Sunday, September 08, 2013

Violência

Vivemos num mundo violento demais. Não sou eu que o digo, são os jornais, a TV, os filmes. Eu até que não tenho me encontrado muito com a tal violência. Não tenho testemunhado abusos, a não ser o do supermercado aqui em frente, que insiste em ocupar e emporcalhar nossas ruas.
Aqui no prédio as pessoas são educadas. Os funcionários são educadíssimos. Na rua, como o Leblon ainda é uma aldeia, somos reconhecidos e cumprimentados por quase todos. Isso quando somos anônimos, ou seja, essas pessoas que passam desapercebidas e nem precisam de máscaras. Pois sei que sou reconhecida, mas tipo: lá vem a dona do cachorro branco, olha o bigodudo cantor, e onde será que anda o moço das cadeiras. Gente de quem só lembramos ao cruzarmos na rua e de quem até sabemos o nome, mas na maioria das vezes não. Por exemplo, tenho uma vizinha que gosta de plantas, cujo marido está com dificuldades para andar, e que não é brasileira. Sei que gosta de vestir roupas claras, e que é muito disciplinada. Sei de muitas coisas sobre ela, mas não sei o seu nome.

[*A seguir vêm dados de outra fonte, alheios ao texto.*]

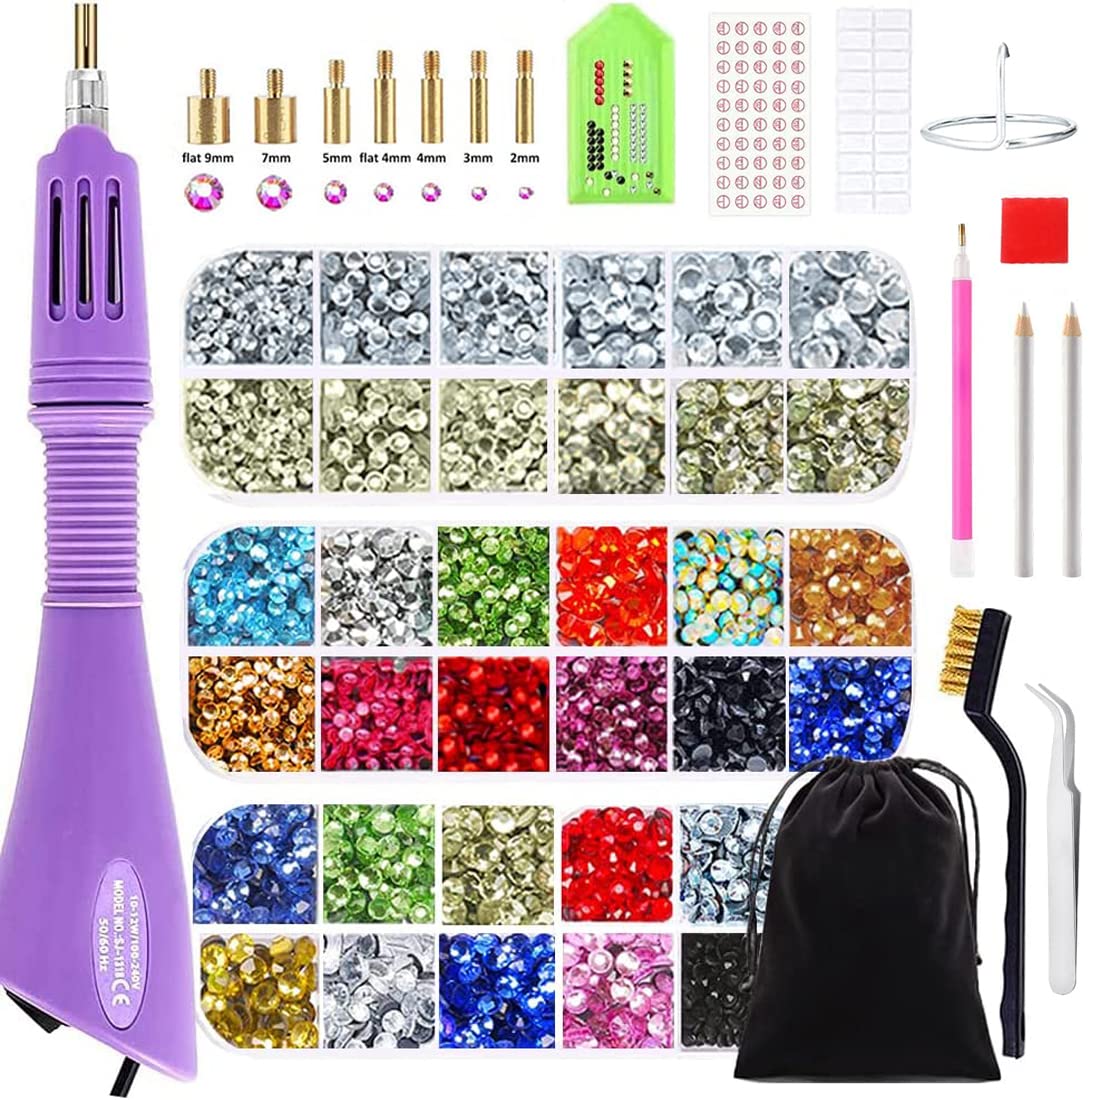 Rhinestone Applicator, Bedazzled Kit With Rhinestonesdiy Hotfix Applicator  Wand Setter, For Crafts Clothes Shoes, 7 Different Applicator Tips, Tweezer

Outro vizinho toca piano, pratica todos os dias. Um outro (talvez o mesmo) fuma maconha. Sinto o cheiro todos os dias. Uma tem cachorro, outra tem netos. Uma está sozinha, não tem filhos, perdeu o marido, a família mora longe. Uma é ambiciosa e segura de si. A outra é recém-chegada ao país, tem um filho pequeno e não fala português. Aquele usa perfume demais, sempre que posso, tomo outro elevador, por conta de minhas alergias. Mas quem são essas pessoas, realmente? Anônimas – sem nomes, sim, mas com histórias e características próprias.
Talvez seja esta a razão de nos saudarmos e de sermos gentis uns com os outros. Eles aparecem para a gente com algum sinal de humanidade. Quando estamos numa situação de "massa", as coisas se tornam diferentes. Pessoas se acotovelam nos locais muito cheios, empurram, gritam com quem eles acham que está em desvantagem. Pessoas são horríveis quando são apenas "gente". Grosseiras. Perderam a delicadeza e seus sorrisos.
Nós somos seres horríveis quando viramos "massa". Abusamos do nosso ambiente, abusamos de tudo e de todos. Somos um grupo de infelizes, achando que o mundo nos maltrata, mas nós é que maltratamos o mundo.
Digo isso por causa de minha leitura da Revista de Domingo. Um fala do meio ambiente ameaçado, outra fala da sala de espera do analista e do esforço pela invisibilidade. Mas há uma história que me encanta. A do médico que inventa exames baratos e que se preocupa em identificar doenças negligenciadas porque são, erroneamente, classificadas como "doenças de pobre".  Exames que custam apenas 5 reais. Acho que contribuir para isso faria mais bem à alma da cronista que frequentar o consultório do analista e se preocupar com a etiqueta de cumprimentar ou não o paciente da sala de espera. Ela que estenda a mão a quem precisa, e que abra a bolsa que seus leitores generosamente recheiam. Pessoas como ela, com nome, são exemplos para anônimas como eu. Mas é pelo médico anônimo e estrangeiro que a lição verdadeira é ministrada. Meus parabéns a ele. Prometo que vou decorar seu nome e aprender sua lição.